Of course we ate in some great places including the Williamsburg Inn, King’s Arms Tavern, Chowning’s Tavern and the famous Christiana Campbell’s Tavern. Numerous enactments depicting the times leading to the Revolution took place during our visit.

One of our days was spent visiting the Jamestown Settlement and Yorktown. The Jamestown settlement is a must for any school kid and anyone wanting to learn about American history. There is a ship that is an exact replica of the ones used by the first English settlers and a Powhatan Indian Village. The exhibits in the new Jamestown building contain a wealth of information and are a complete history of our early settlers to the time of the Revolution. We also visited Yorktown where the last battle of the Revolution was fought. There was a camp like that used by the soldiers of the American Revolution and a great demonstration of the medical instruments used during the time.

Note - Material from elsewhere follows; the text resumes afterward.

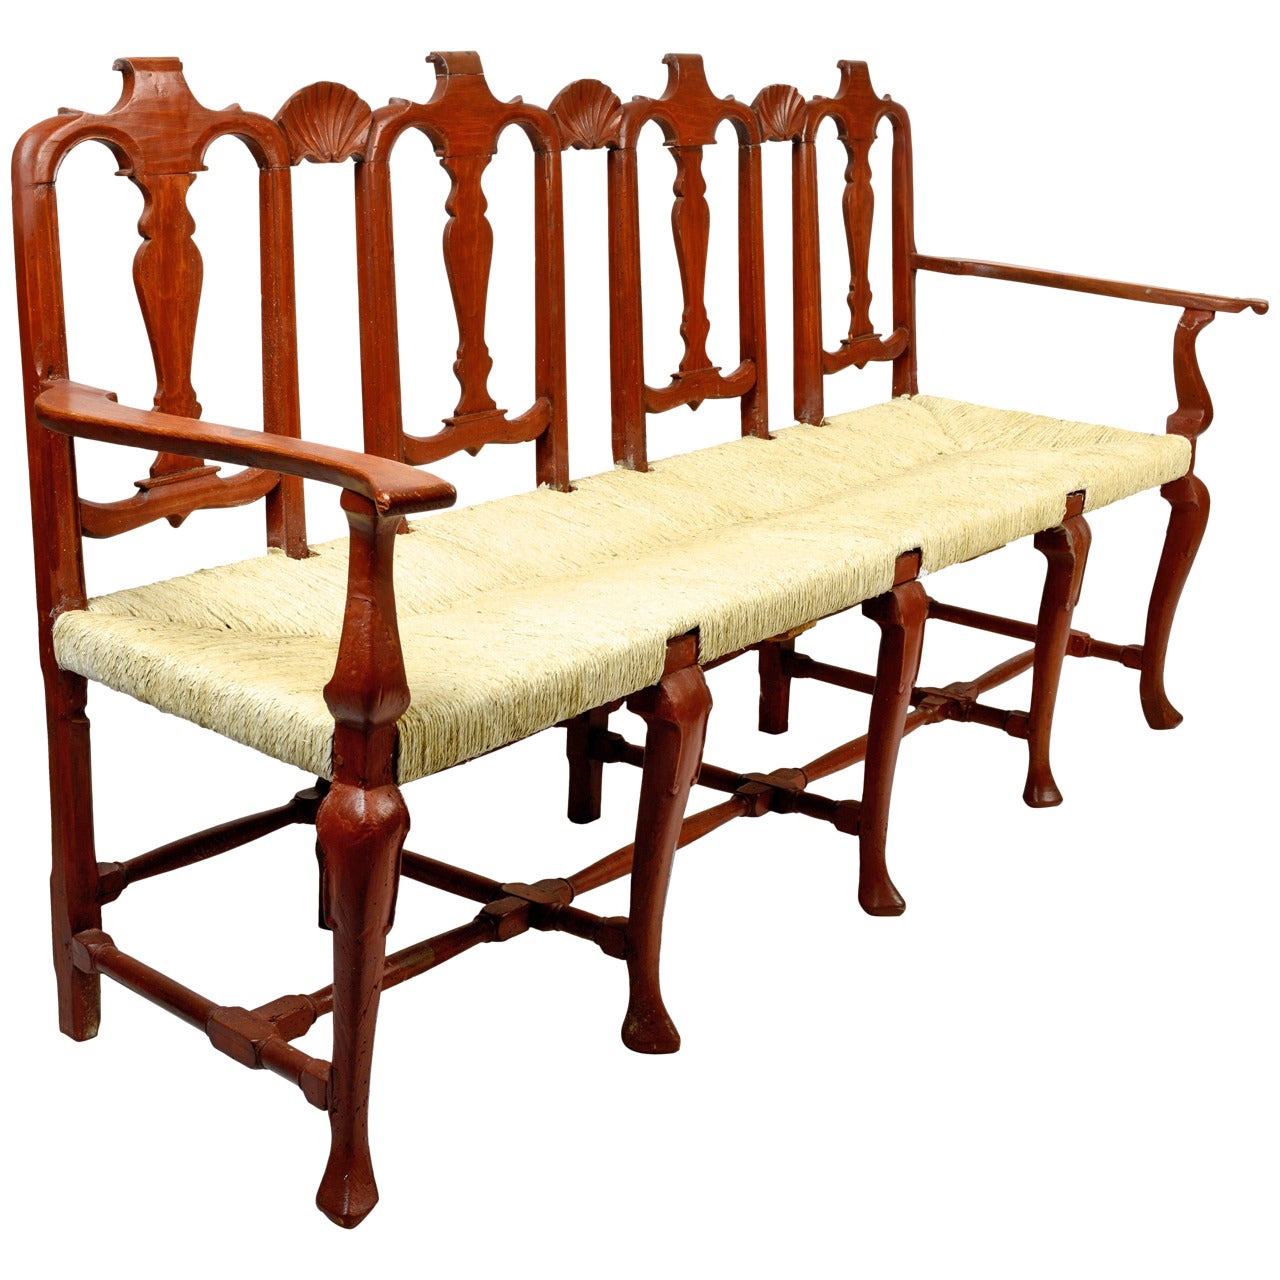 This unusual rush seated bench has four beautifully carved backs connected with three carved shells. It stands on five cabriole legs with trifid feet. It has a red washed finish and a painted rush seat. A great piece for a sizable entry or

The highlight of the trip was the visit to a couple of plantations on the James River. The visit to President John Tyler’s home was the crown jewel of our visit. I even encountered a ghost at the Tyler home that will be described in the next blog.

Even thought the Revolution was a most troubling time, it almost pales in relation to the current problems facing our nation. I suspect that if Washington, Jefferson and Patrick Henry were alive today they would want to take refuge on the porch with me.